I'd like to thank all of the members of the OSLC Core Workgroup and
community for their hard work, critical thinking and ability to work
together in such a productive and pleasant way. Also, special thanks
to those OSLC domain workgroups who rebased their work on the Core and
development teams that provided excellent feedback along the way.

Thanks,
- Dave

--
David M. Johnson
OSLC Core Workgroup Lead
IBM Rational Software


[1] Move to final was proposed last week, along with a small set of
changes which have since been applied to the specification. 
[2] OslcCoreSpecification
[3] CmSpecificationV2
[4] QmSpecificationV2
[5] RmSpecificationV2

I really do have another Web Integration Patterns post on the way shortly, so stay tuned.

Friday Mar 06, 2009

Monday Oct 20, 2008

The X-rated SocialSite API

Roy Fielding: I am getting frustrated by the number of people calling any HTTP-based interface a REST API. Today's example is the SocialSite REST API. That is RPC. It screams RPC. There is so much coupling on display that it should be given an X rating.

Ouch! As the author of the torrid (and pretty rough) Project SocialSite Proposal: Finalize Web Services APIs proposal that Roy calls out to sharply, I'd like to point of that, as I explained in a recent post, Project SocialSite is simply implementing and extending the OpenSocial API. OpenSocial includes both a JSON-RPC API and a REST API. SocialSite implements and extends them both. I never meant to imply that the JSON-RPC API is RESTful (and neither did the authors of the OpenSocial specifications). In fact, I renamed the proposal from "Finalize REST APIs" to "Finalize Web Services APIs" after I realized that OpenSocial would come in both flavors.

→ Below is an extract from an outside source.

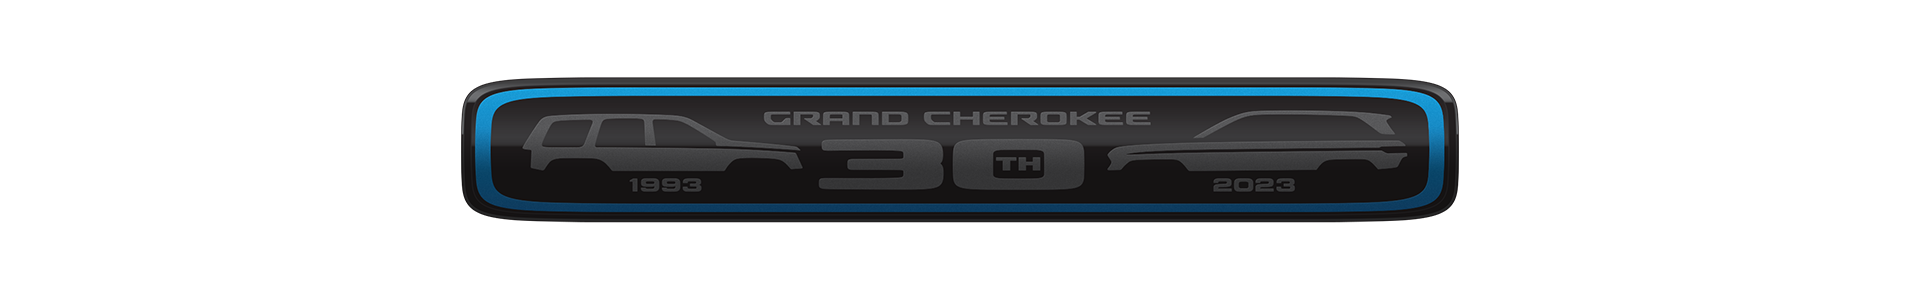 Grand Cherokee 30th. 1993. 2023.
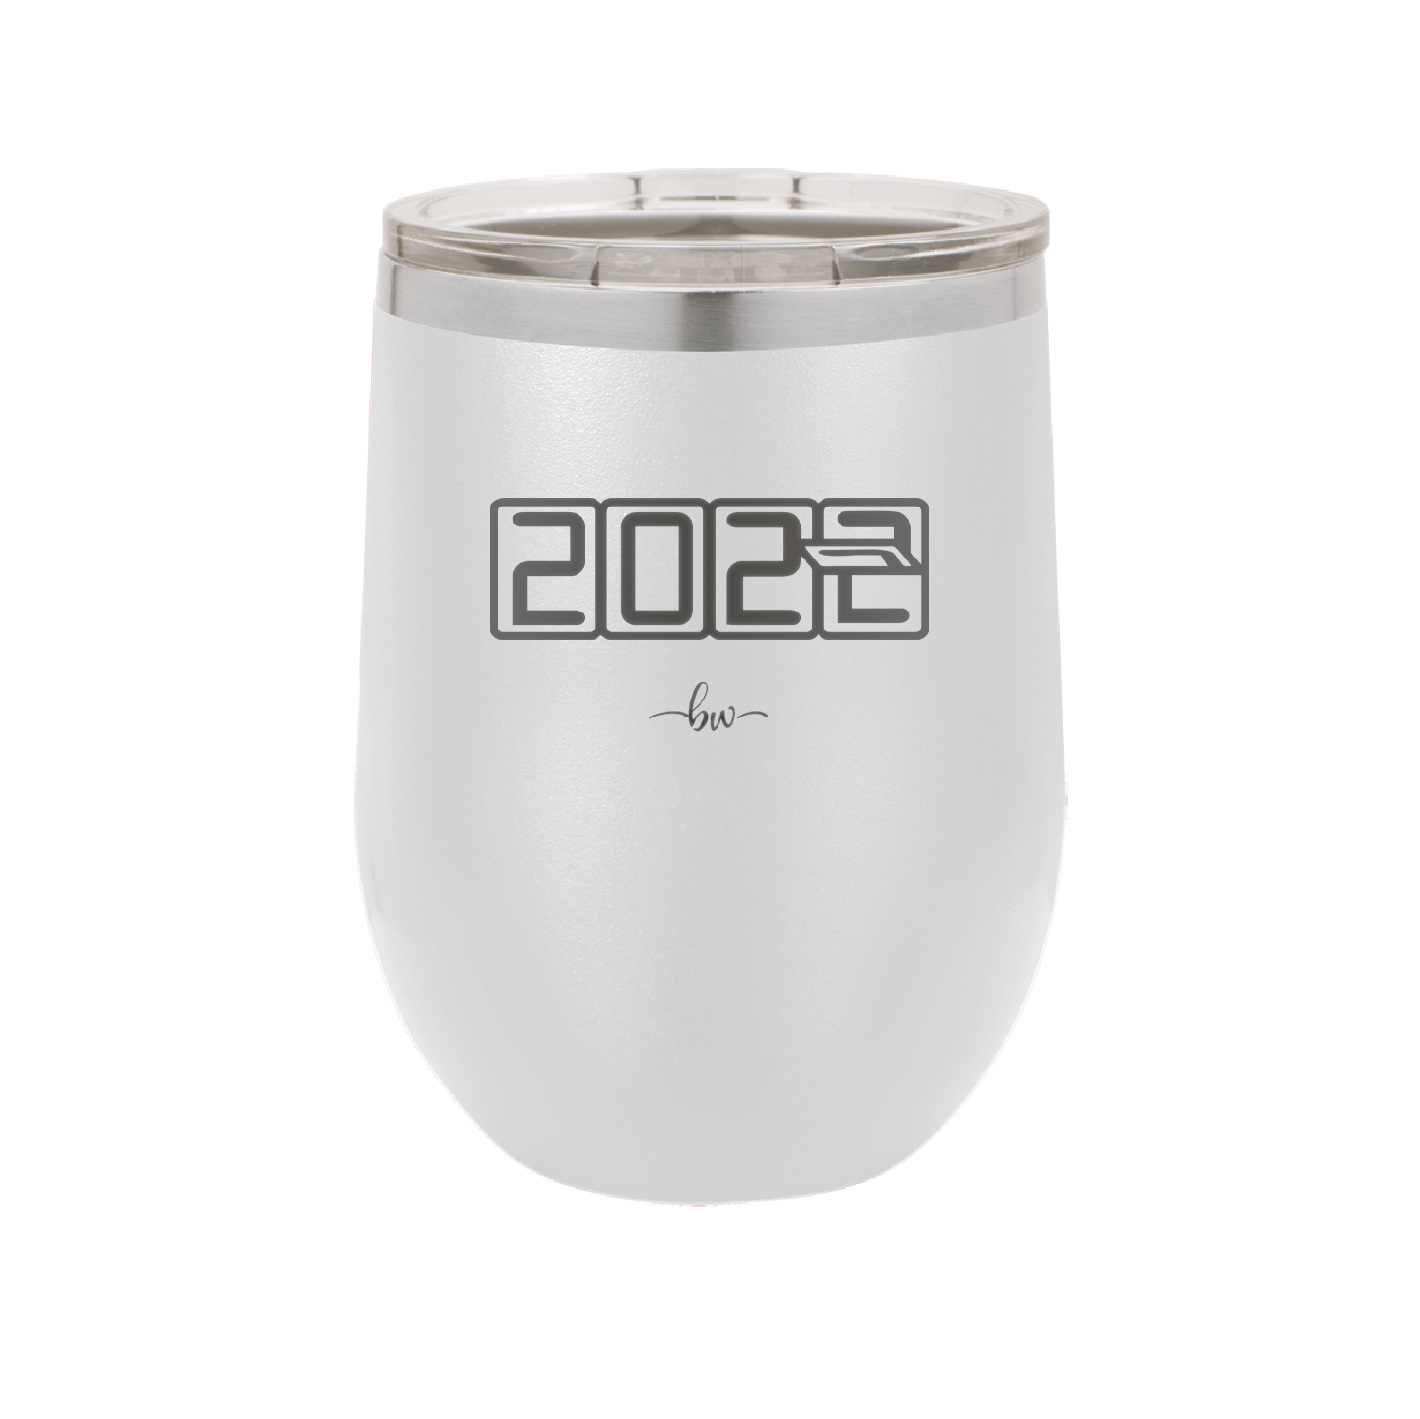 12 oz wine cup 2023 countdown-  white

The proposal that I wrote outlined a way for Project SocialSite to hook into Apache Shindig (incubating), the Reference Implementation of OpenSocial,implement a couple of Shindig interfaces and thus gain support for both the OpenSocial REST API and the OpenSocial JSON-RPC API. The OpenSocial REST API does claim to be RESTful and I believe it is; it's based on AtomPub but includes some extensions for providing generic XML and JSON representations in addition to Atom format. The Project SocialSite REST API will extend that and will also be RESTful.

Tuesday Sep 23, 2008

Shindig/Java internals diagram updated

A lot has changed since I did my first and even my second "how does Shindig/Java work" diagram. Believe it or not, there are now two separate web services protocols in OpenSocial and thus in Shindig. How did that happen you wonder, well read on...

[Read More]

Tuesday Aug 26, 2008

Another vote for RESTful JSF

From the Seam Framework team's wiki page on JSF2 major issues:

The JSF2 expert group should work closely with the JSR 311 expert group to define overlapping integration points (unified configuration) and programming models, so that a JSF implementation can work seamlessly with a JAX-RS implementation. For example, a @Path annotated POJO should work as a JSF backing bean without any additional configuration. A JSF application programmer should be able to expose RESTful remote APIs easily.

Right on.

Via Matt Raible

Monday Aug 11, 2008

re: How the Shindig REST API works

Here's a diagram I worked up over the weekend to explain Shindig REST API internals to my team mates. See the Project SocialSite blog for the full story.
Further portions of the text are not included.